── MATERIAL SUPPLIED ──
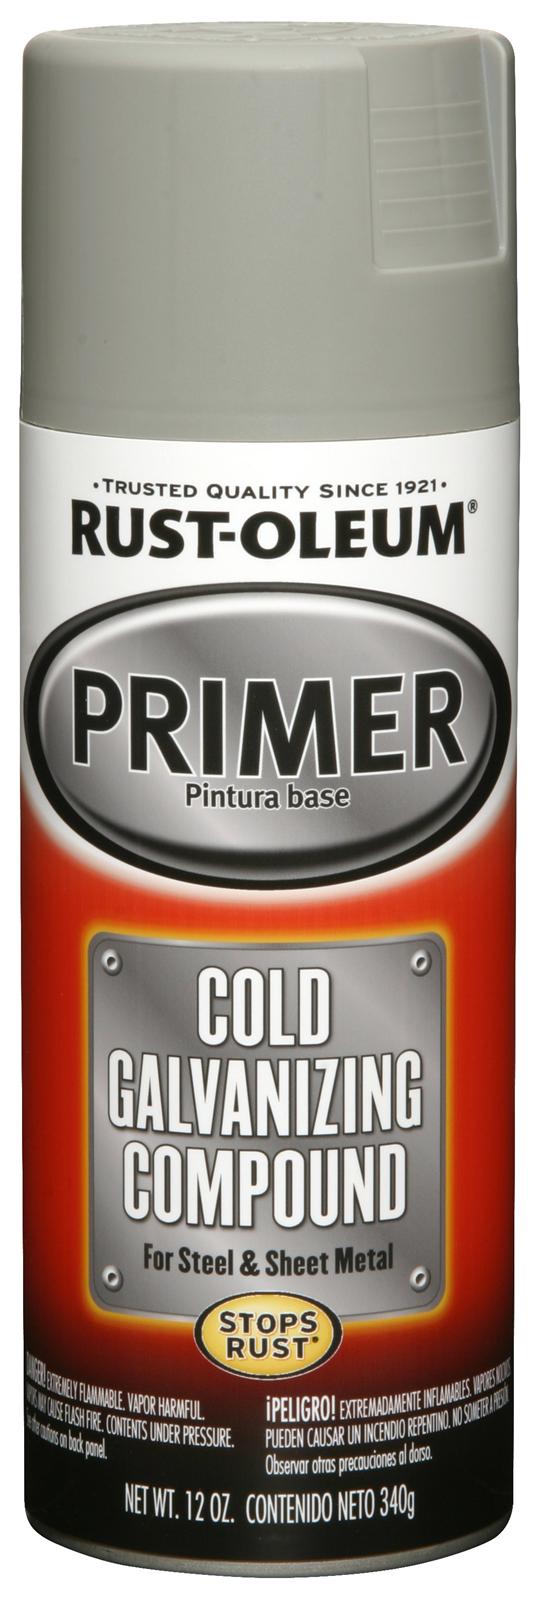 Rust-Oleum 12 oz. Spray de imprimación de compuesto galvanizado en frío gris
───
── MATERIAL SUPPLIED ──
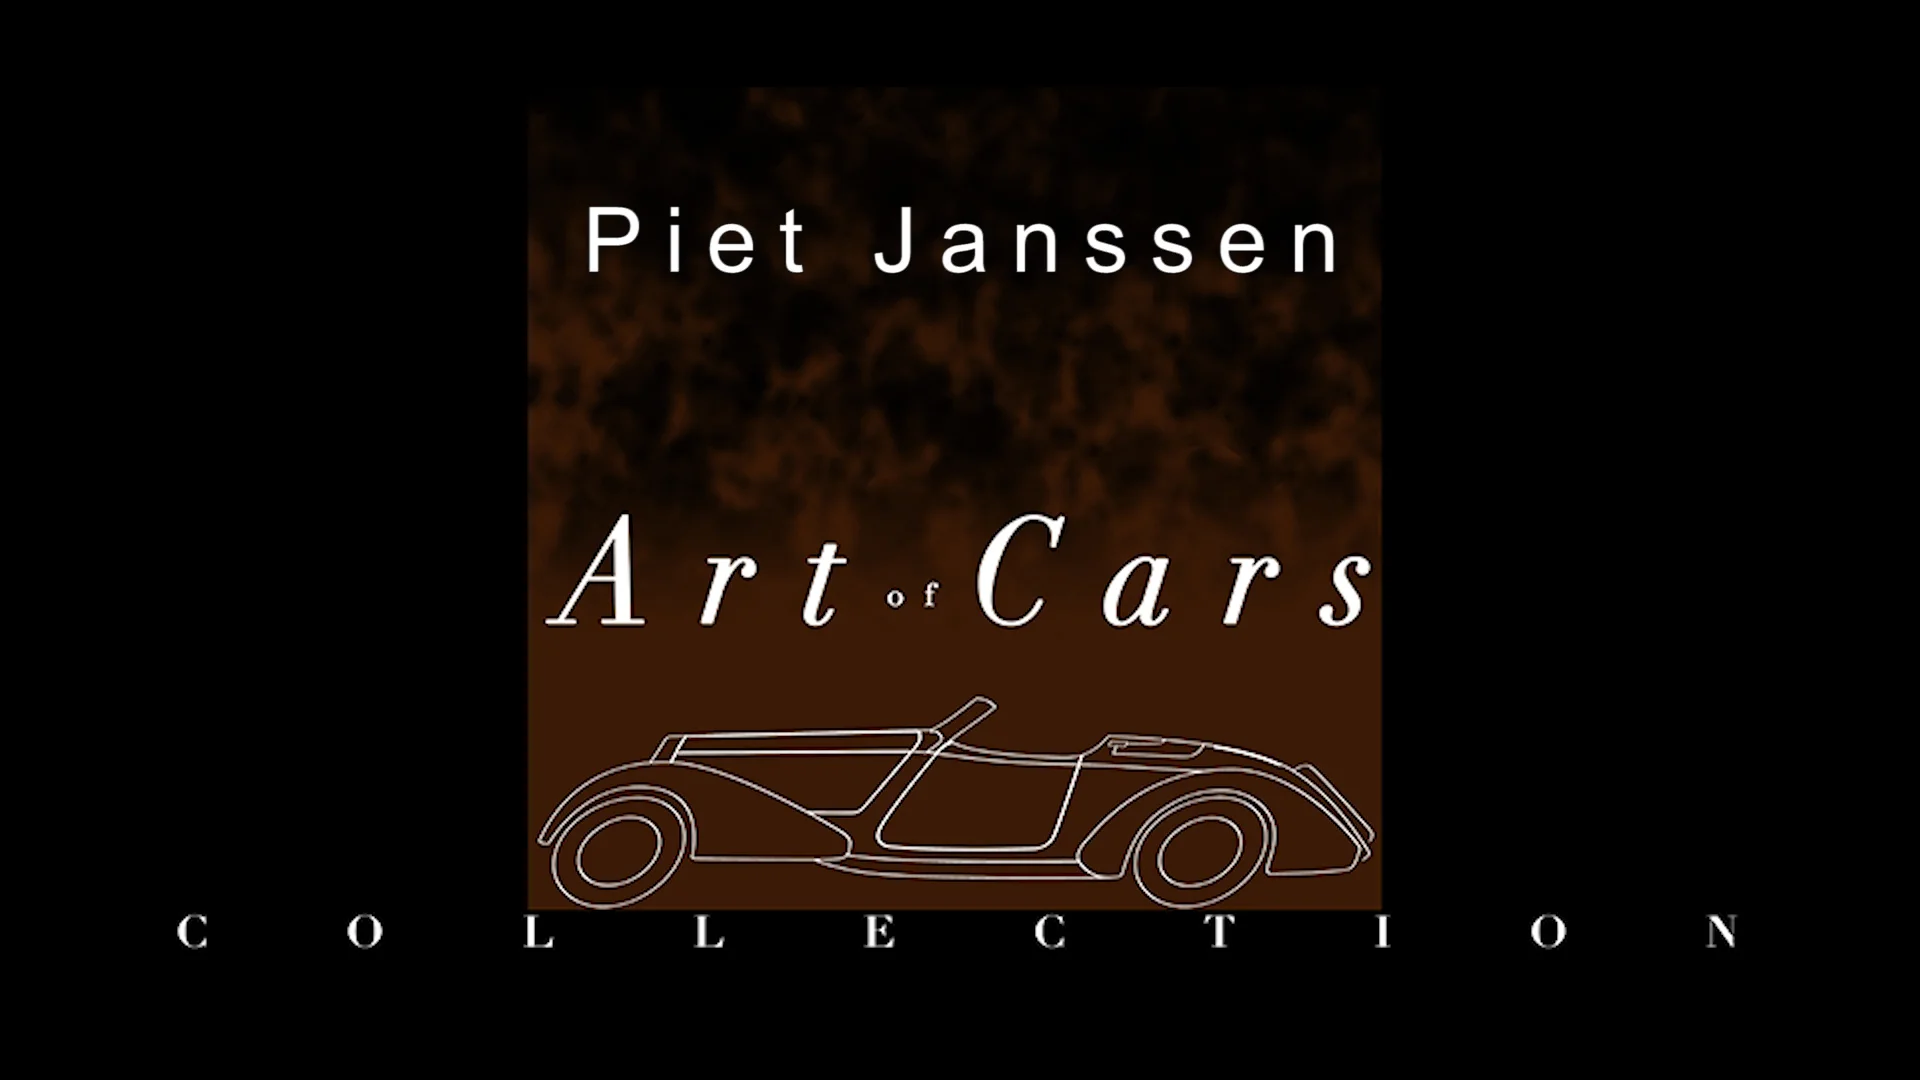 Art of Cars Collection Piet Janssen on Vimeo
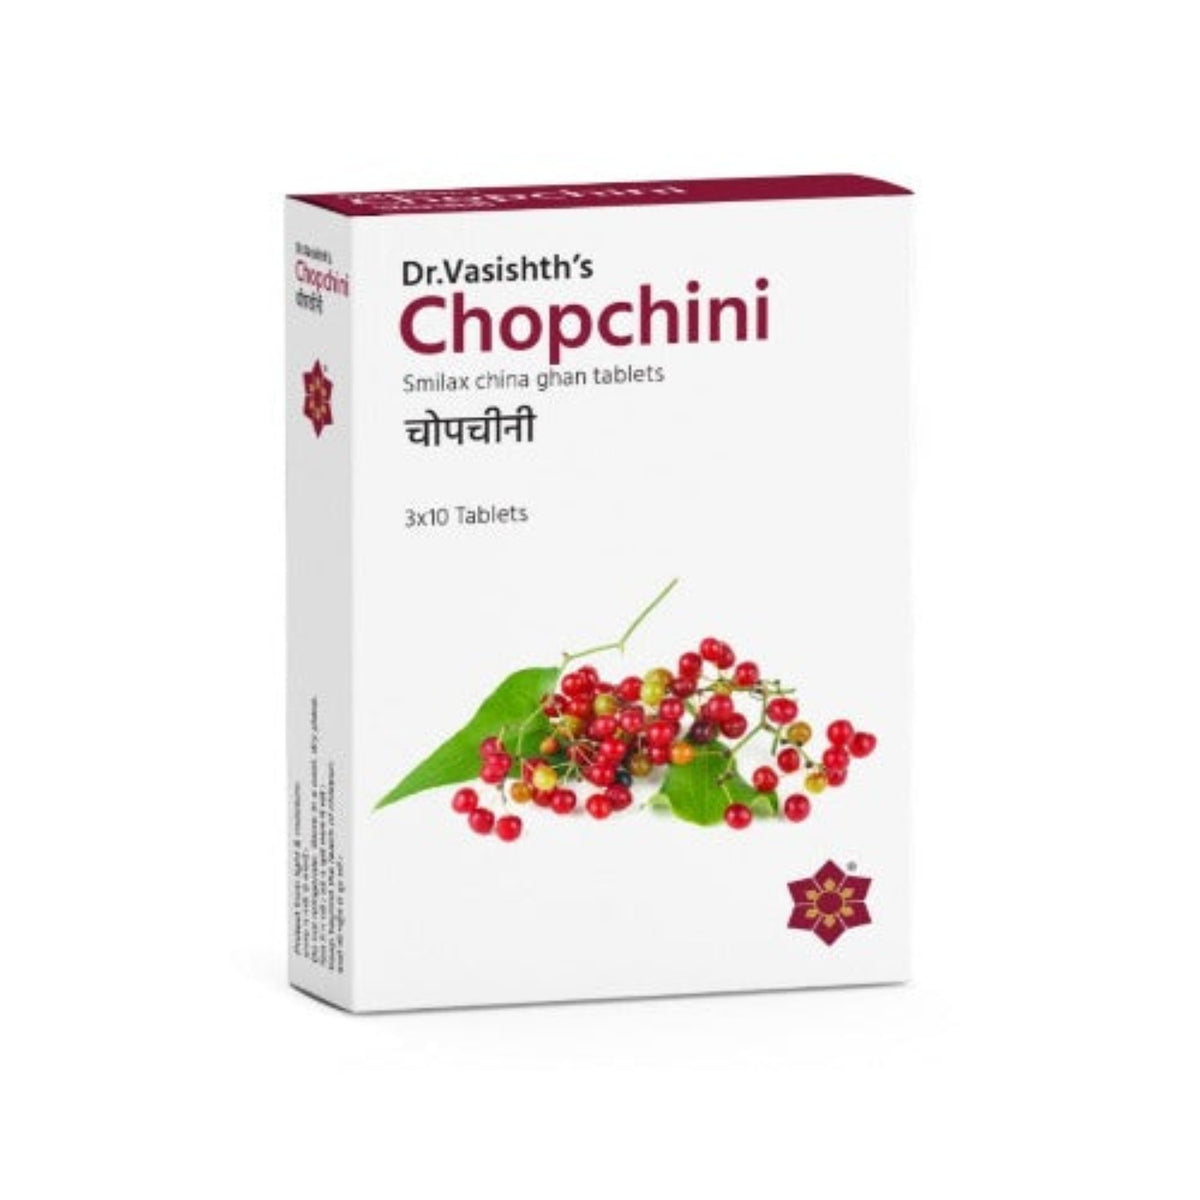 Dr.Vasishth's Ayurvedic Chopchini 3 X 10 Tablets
───
Using the entries above, write out exactly the lines from the one with "Art of Cars Collection Piet Janssen on Vimeo" through the one with "Dr.Vasishth's Ayurvedic Chopchini", ends included. Leave out any pictures.

 Art of Cars Collection Piet Janssen on Vimeo
 Dr.Vasishth's Ayurvedic Chopchini 3 X 10 Tablets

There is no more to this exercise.